[Start of Attachment]

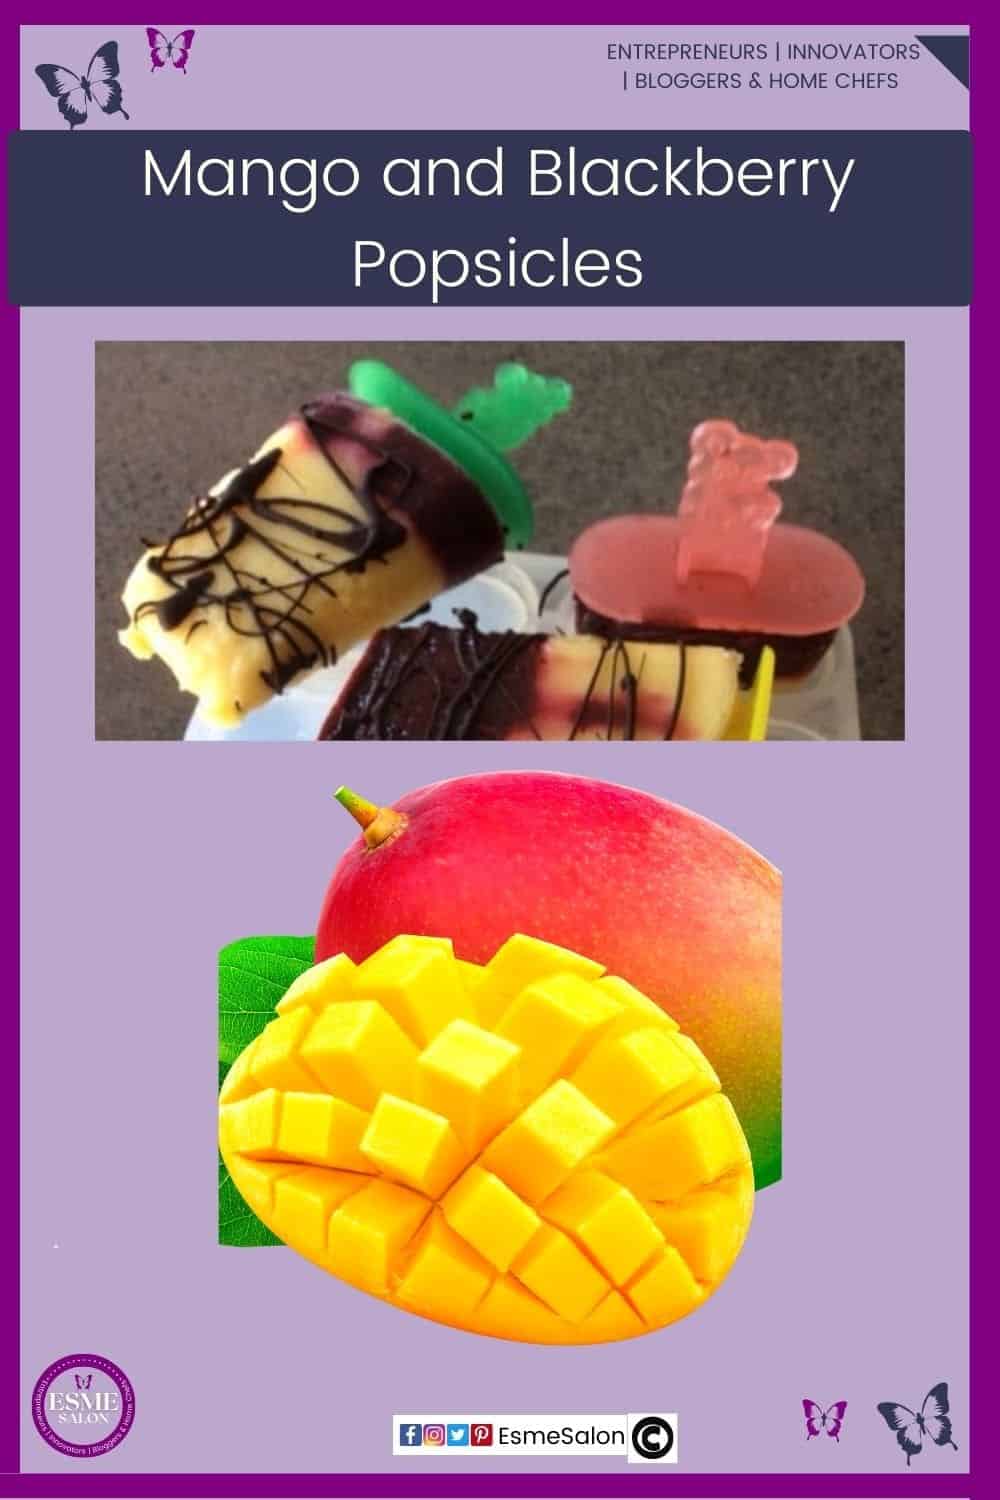 an image of 3 Mango and Blackberry Popsicles
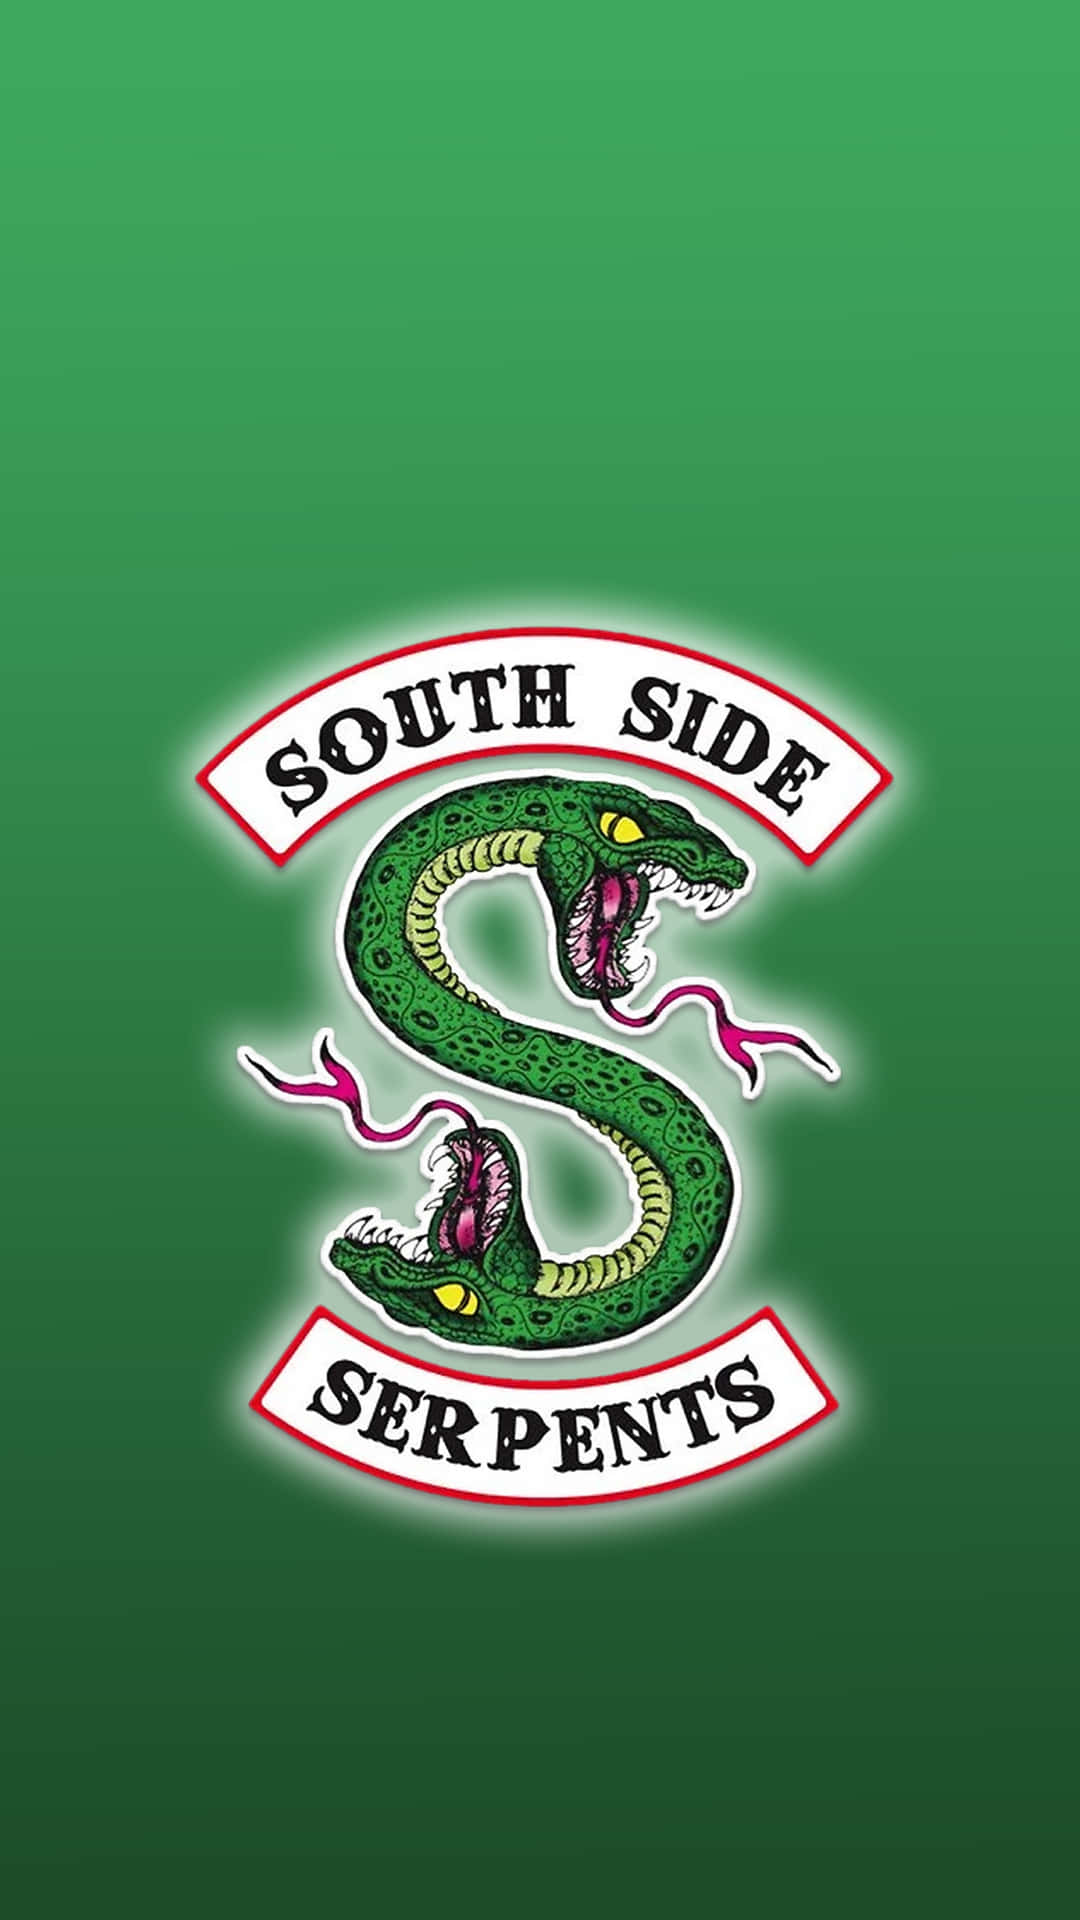 South Side Serpents Logo On Green Background Wallpaper
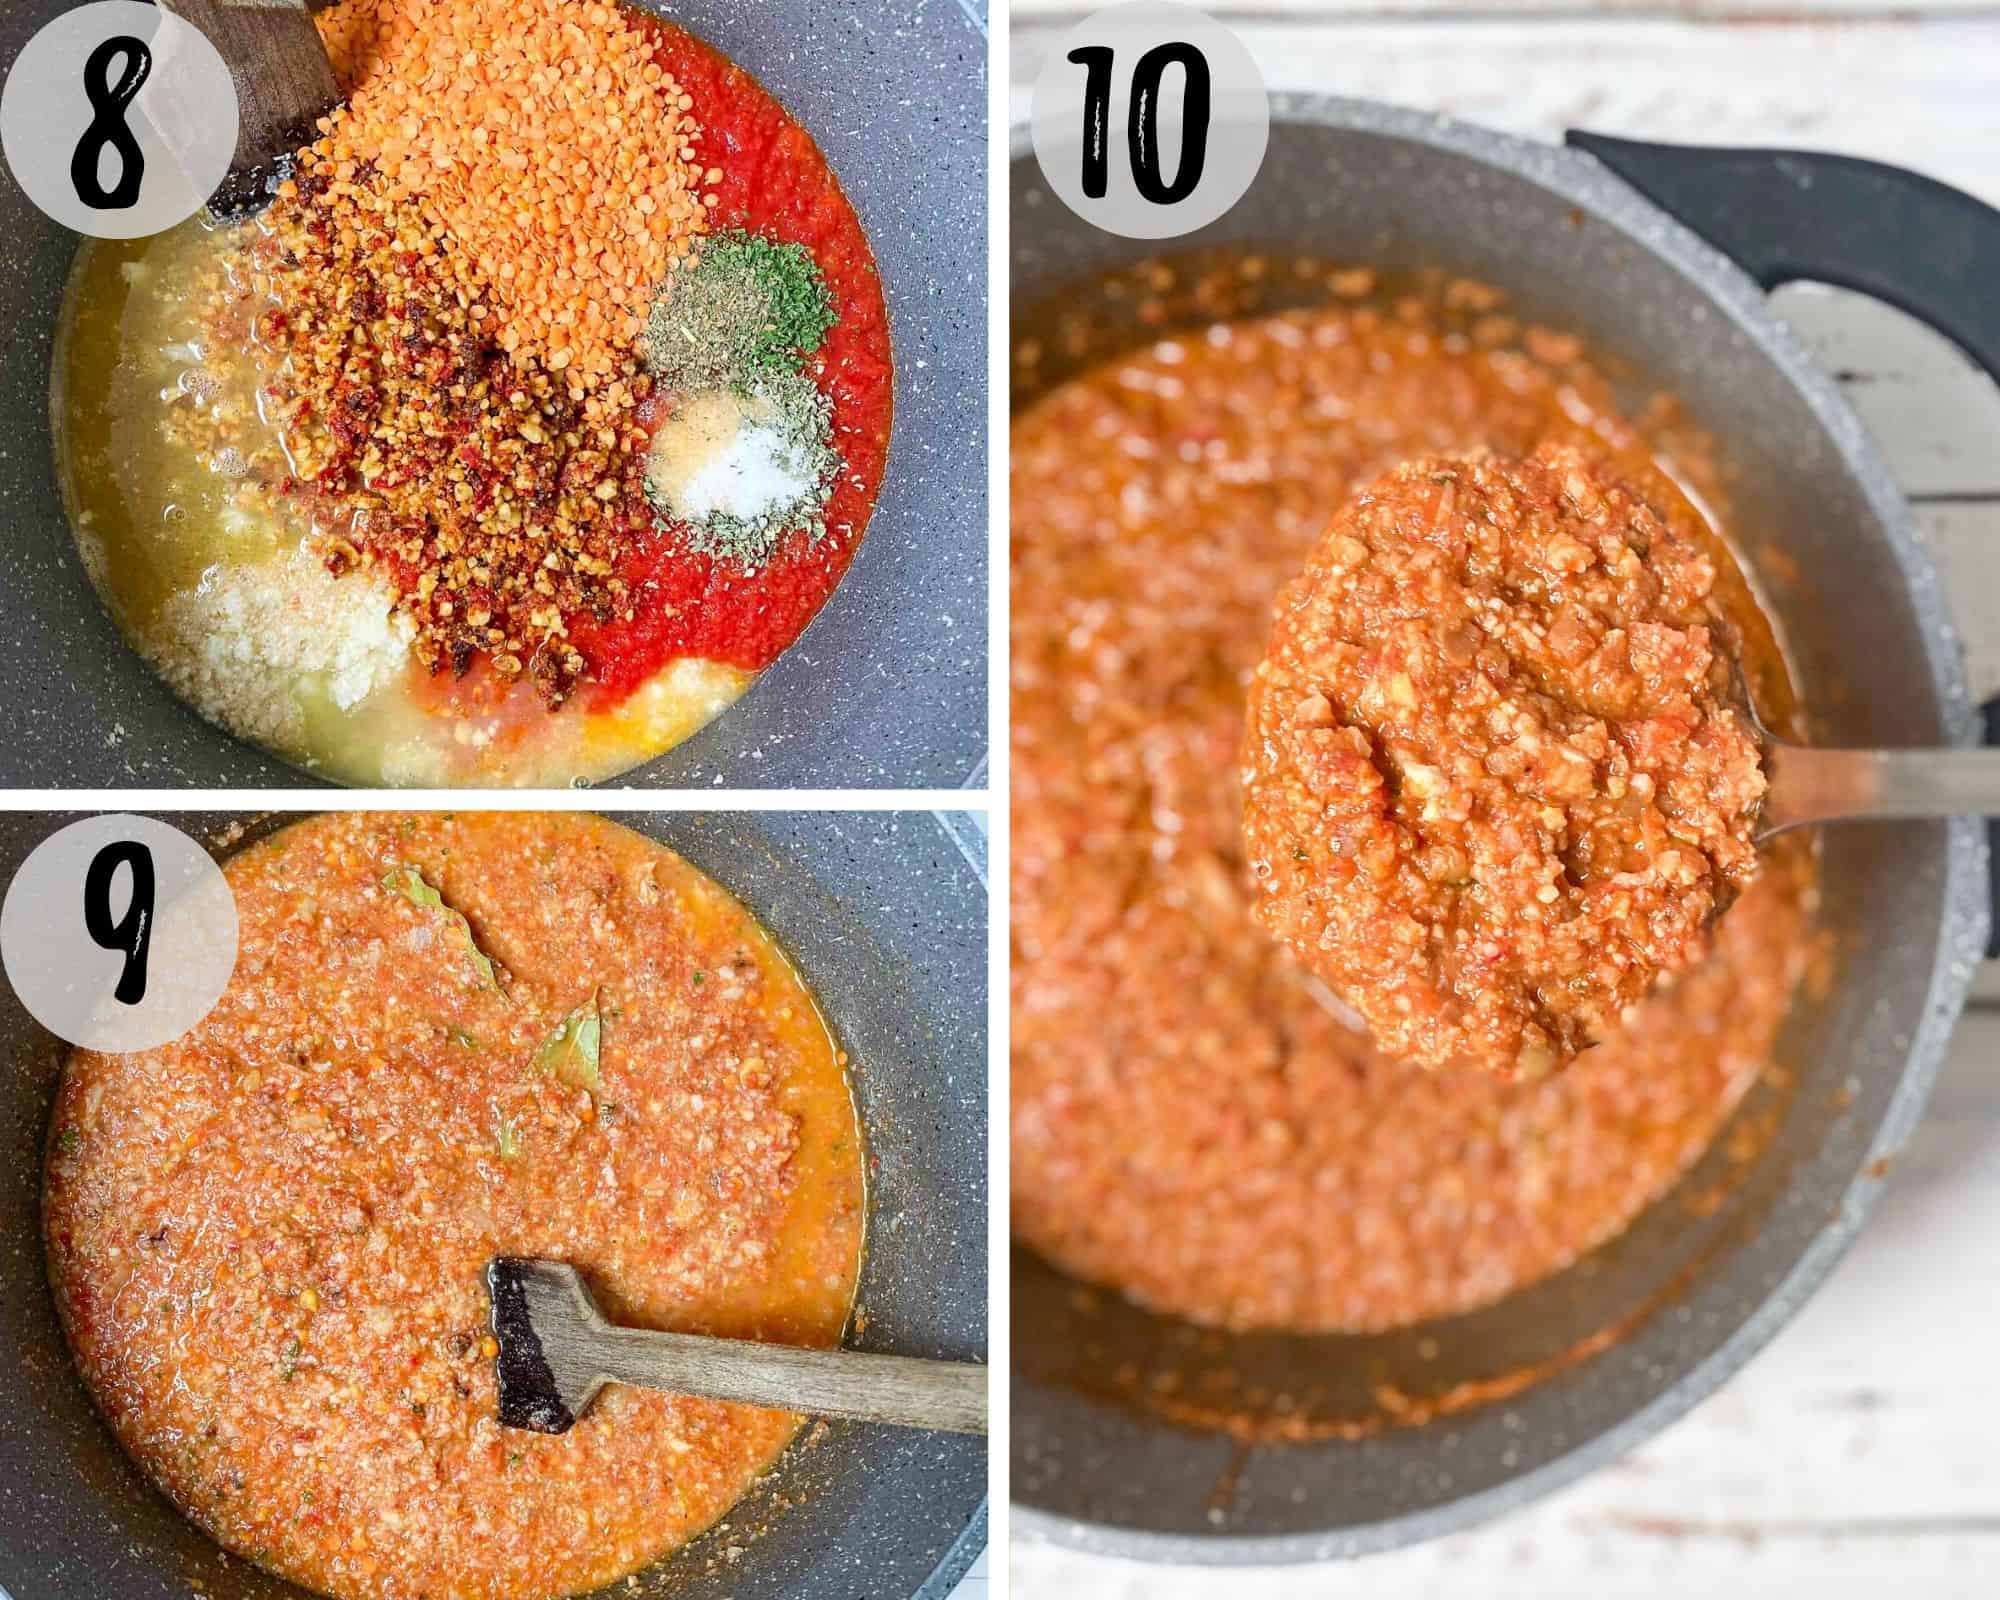 vegetable crumbles, sauce, lentils and seasoning in large sauce pot to make bolognese sauce
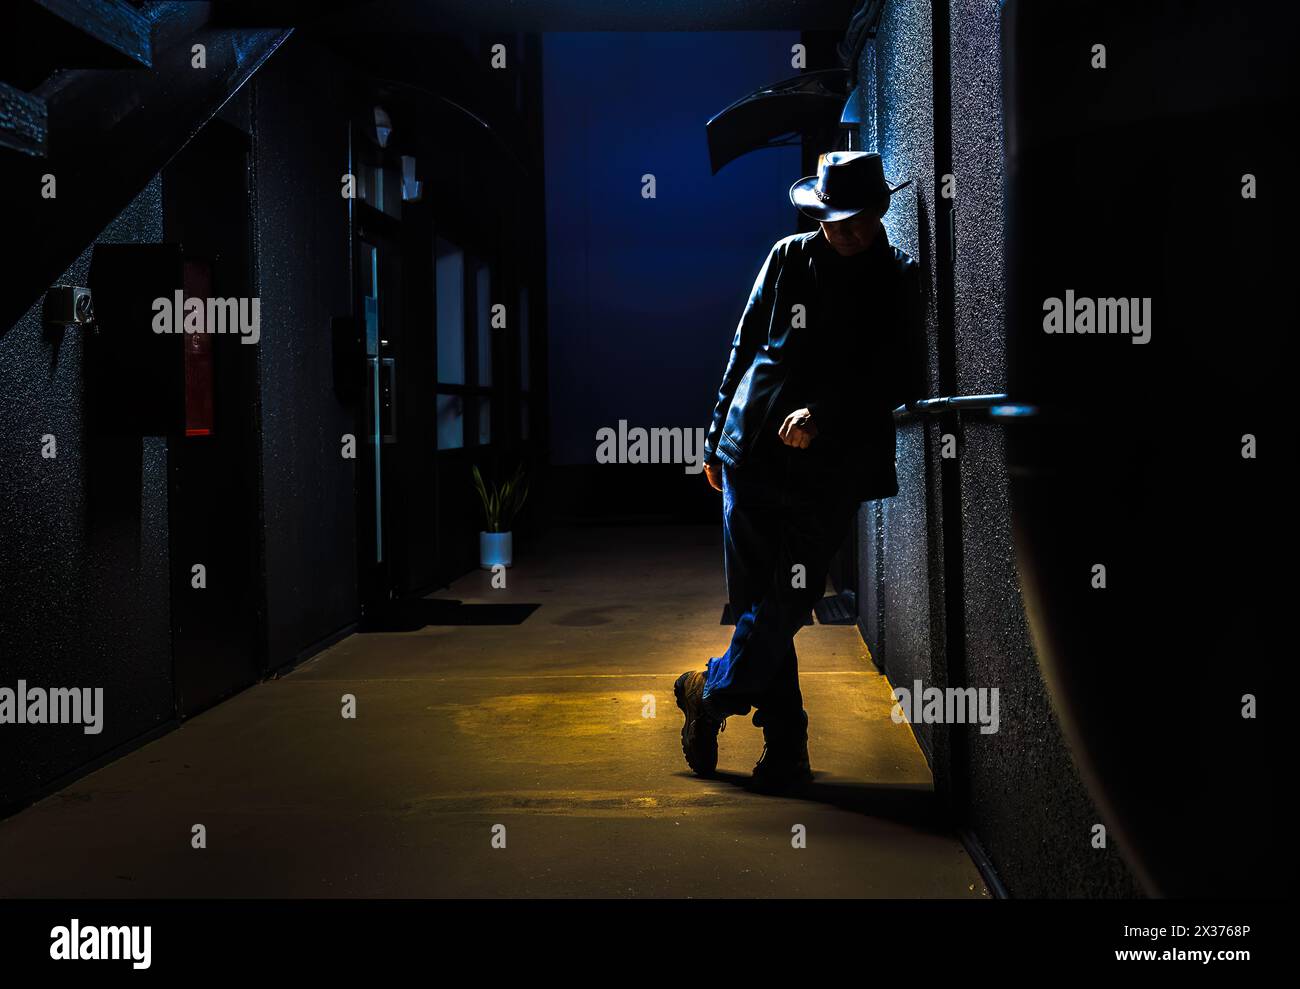 Silhouette of a man leaning against a wall in a dark alleyway at night. Depression and loneliness concept. Stock Photo

[End of Attachment]

- [YOUR GOAL]
Give the listing again exactly, minus its images.

- [ANSWER BOX]
 an image of 3 Mango and Blackberry Popsicles
 South Side Serpents Logo On Green Background Wallpaper
 vegetable crumbles, sauce, lentils and seasoning in large sauce pot to make bolognese sauce
 Silhouette of a man leaning against a wall in a dark alleyway at night. Depression and loneliness concept. Stock Photo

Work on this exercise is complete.